C’est un nouveau mythe dans le langage des formes. Alors que le mythe ancien utilisait les dieux pour expliquer le cosmos, la peinture utilise les relations mathématiques pour le représenter. C’est là l’un des objectifs essentiels de l’exposition : révéler que la structure est l’extension moderne du mythe, et que le symbole ne meurt jamais ; il ne fait que se manifester à travers de nouveaux outils. L’art de notre région s’est-il jamais vraiment séparé de la mémoire collective ?

Des premières gravures sumériennes aux mosaïques byzantines, de la broderie palestinienne à l’abstraction moderne, un fil symbolique unique traverse le temps. La peinture de Tarazi dans cette exposition représente une abstraction de cette mémoire — une reprogrammation des symboles anciens en un langage géométrique contemporain. Ce n’est pas une œuvre isolée, mais la continuation d’une lignée civilisationnelle qui conçoit la forme comme un réceptacle de sens. Chaque triangle peut être lu comme une montagne, une lance, un mouvement, ou l’Arbre de Vie ; chaque carré, comme une boîte gardant un secret — une archéologie du symbole, non une simple surface colorée.

Ainsi, le titre de l’exposition « Notre Identité et nos Symboles » ouvre une question plus vaste : l’identité se construit-elle à partir de la mémoire ou du renouveau ? Cette peinture y répond-elle par la forme seule, ou à la fois par la forme et l’idée ? L’identité est-elle ici un mouvement entre le fixe et le mouvant, entre la forme héritée et la mutation moderne ?

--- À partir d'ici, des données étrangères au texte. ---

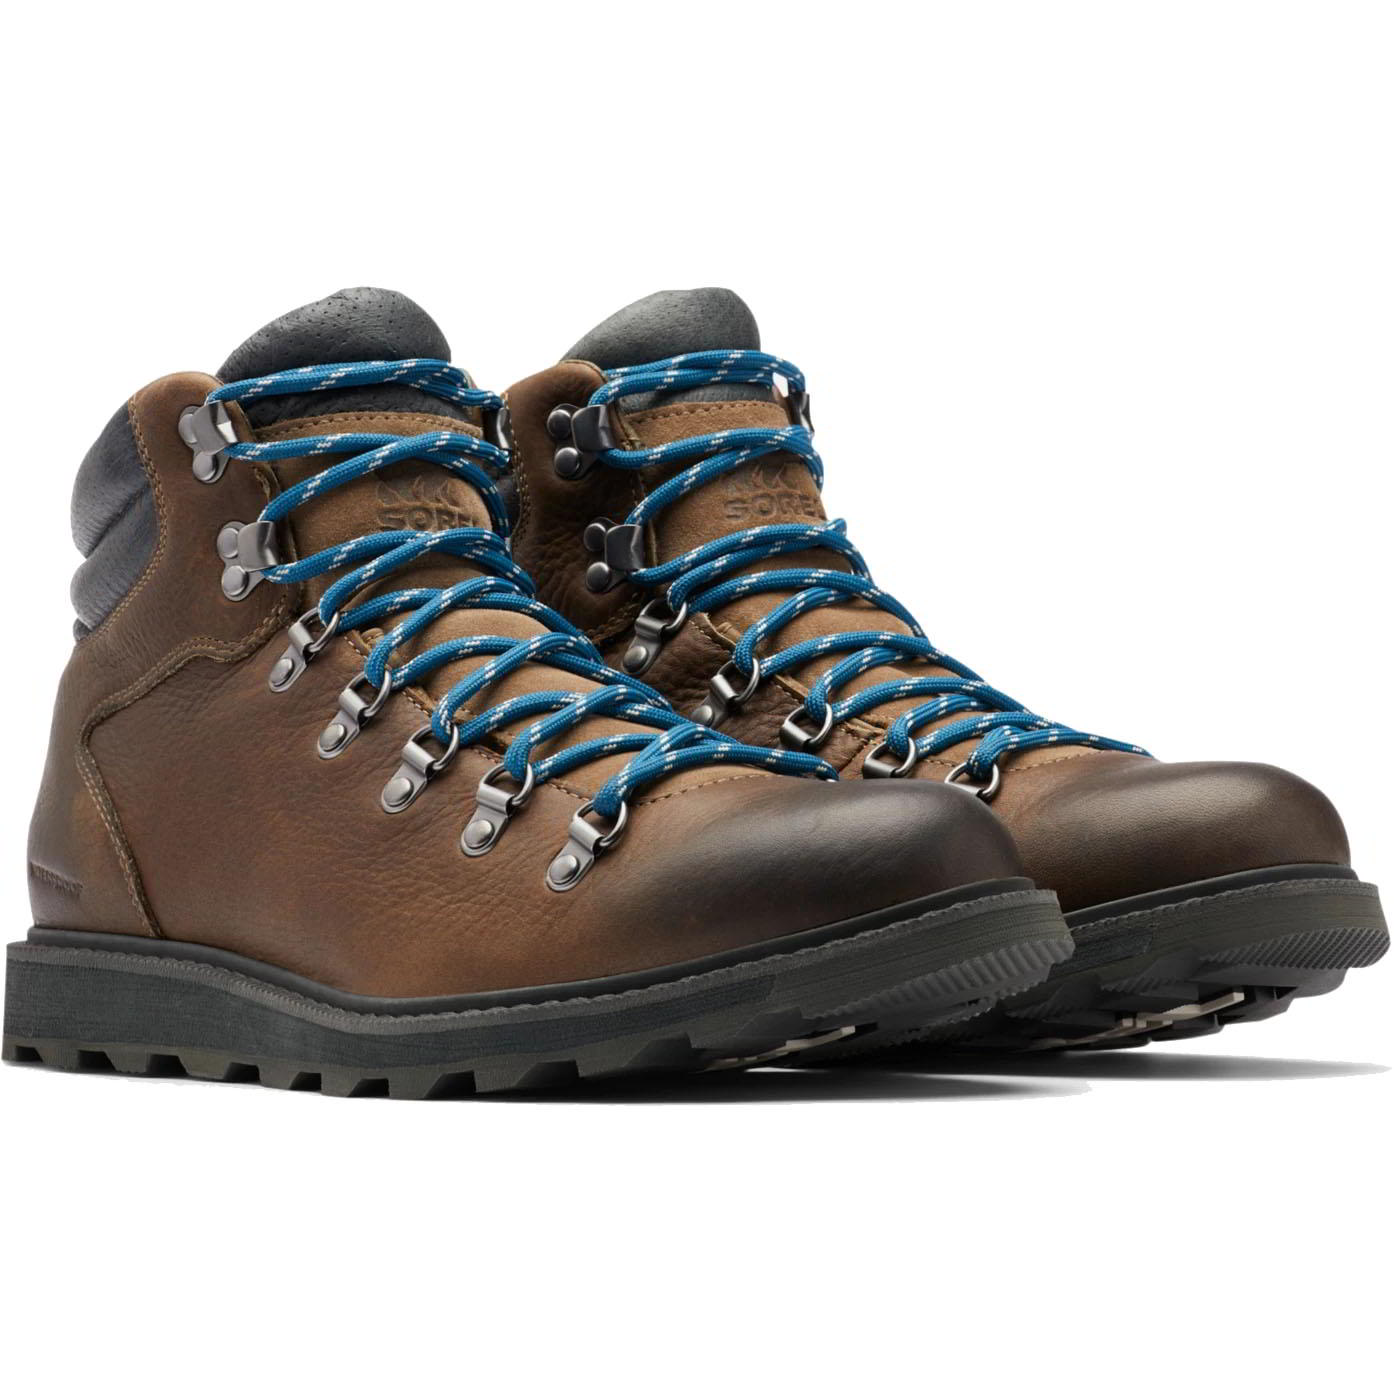 Sorel Mens Madson II Hiker WP Waterproof Boots - Saddle 2951

De même que les symboles de Gilgamesh, de Baal et d’Adonis se répètent — réinterprétés à travers la broderie, la sculpture et l’art — la peinture de Tarazi redéfinit l’identité par l’ordre visuel. Elle nous dit que l’identité n’est pas un slogan, mais un réseau de relations et de symboles qui façonnent notre manière de voir et de penser — et c’est là que réside sa modernité et sa vérité esthétique. La couleur, dans ce tableau, n’est pas secondaire mais langage métaphysique. Le vert-aigue-marine évoque la source de la vie, la fertilité et la renaissance d’Adonis, et Baal, seigneur de la pluie. Mais c’est aussi une couleur intellectuelle, calme et équilibrée, suggérant la rigueur scientifique — comme si l’artiste cherchait à unir l’intuition mythique et la raison analytique. Chaque nuance tonale est une note d’une mélodie silencieuse : une géométrie aqueuse de la mémoire. À travers elle, nous percevons comment le sens peut vivre dans la couleur comme il vit dans les mots, et comment une peinture peut devenir un petit temple d’harmonie dans un monde chaotique.

Si la mythologie étudie la structure des récits anciens, cette exposition présente ce qu’on pourrait appeler la science de la mythologie visuelle — l’étude de la transformation des anciens symboles en formes visuelles modernes. La peinture magistrale de Tarazi — sans exagération — en est un modèle : un mythe sans dieux, sans mort ni résurrection, mais contenant dans ses rapports géométriques la même signification cosmique. L’art, ici, n’est pas une simple remémoration du passé, mais une réactivation du symbole dans un nouvel espace. C’est un acte philosophique rappelant que le symbole est le seul langage compris également par le passé et le futur, car il appartient à la structure, non à l’événement. Ainsi, peut-être le mythe ne meurt-il pas — il change simplement de matière.

À la lumière de « Notre Identité et nos Symboles », on peut dire que cette peinture représente la dernière étape de l’évolution du symbole dans notre culture — du relief mythique au tissage populaire, de l’ornementation à l’abstraction, de la forme à l’idée. Elle incarne la conviction que l’être humain, quels que soient ses outils, cherche toujours le sens à travers la forme, et l’immortalité à travers l’ordre. Ce que Gilgamesh fit par sa quête de vie éternelle, la peinture le fait aujourd’hui par sa recherche de la structure de la beauté et du savoir.

Elle n’explique pas le mythe — elle le vit dans un nouveau langage. En la contemplant, nous voyons la mémoire du monde reconfigurée : chaque ligne un fil du tissu mythique, chaque couleur une ombre de la conscience ancienne, chaque carré une cellule vivante de l’identité, toujours palpitante en nous.

En conclusion, la peinture de Tarazi n’est pas seulement une œuvre esthétique dans une exposition — c’est un manifeste visuel de la conscience humaine dans notre région. Elle nous dit que les symboles qui ont forgé nos mythes œuvrent encore en nous, n’ayant plus besoin de temples ni de dieux, mais de géométrie précise et de couleur silencieuse pour restaurer notre capacité de contemplation. Telle est l’essence de la peinture de Gebran Tarazi dans l’exposition « Notre Identité et nos Symboles » au Musée Nabu, au Nord du Liban : montrer que l’art n’est pas seulement la mémoire du mythe, mais sa continuation intellectuelle, et que l’identité n’est pas figée dans l’histoire, mais se meut avec elle, comme un rythme géométrique éternel.

Ainsi, la peinture dépasse la simple surface abstraite suspendue au mur : elle devient une carte de l’âme antique, redessinée par l’intellect moderne — une union entre Gilgamesh, chercheur d’immortalité, et l’artiste contemporain, chercheur de sens dans la forme, tous deux atteignant l’immortalité et la vie au sein de cette œuvre, dont chaque cellule se renouvelle à chaque regard.